#### [What is needed]
Every line in the records below between the one holding "GREECE 1944 MH*" and the one holding "The Emerald Vale", inclusive, is to be set down exactly; all other lines are to be left out.

#### [Entries supplied]
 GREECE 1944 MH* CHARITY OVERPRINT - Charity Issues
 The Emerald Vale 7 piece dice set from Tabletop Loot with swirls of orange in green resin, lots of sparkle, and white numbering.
---
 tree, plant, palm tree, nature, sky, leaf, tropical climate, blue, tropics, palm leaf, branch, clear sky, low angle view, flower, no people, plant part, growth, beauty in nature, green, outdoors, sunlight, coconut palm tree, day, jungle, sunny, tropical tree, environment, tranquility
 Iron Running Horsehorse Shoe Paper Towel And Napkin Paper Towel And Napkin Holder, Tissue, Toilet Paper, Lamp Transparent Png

#### [Final answer]
 GREECE 1944 MH* CHARITY OVERPRINT - Charity Issues
 The Emerald Vale 7 piece dice set from Tabletop Loot with swirls of orange in green resin, lots of sparkle, and white numbering.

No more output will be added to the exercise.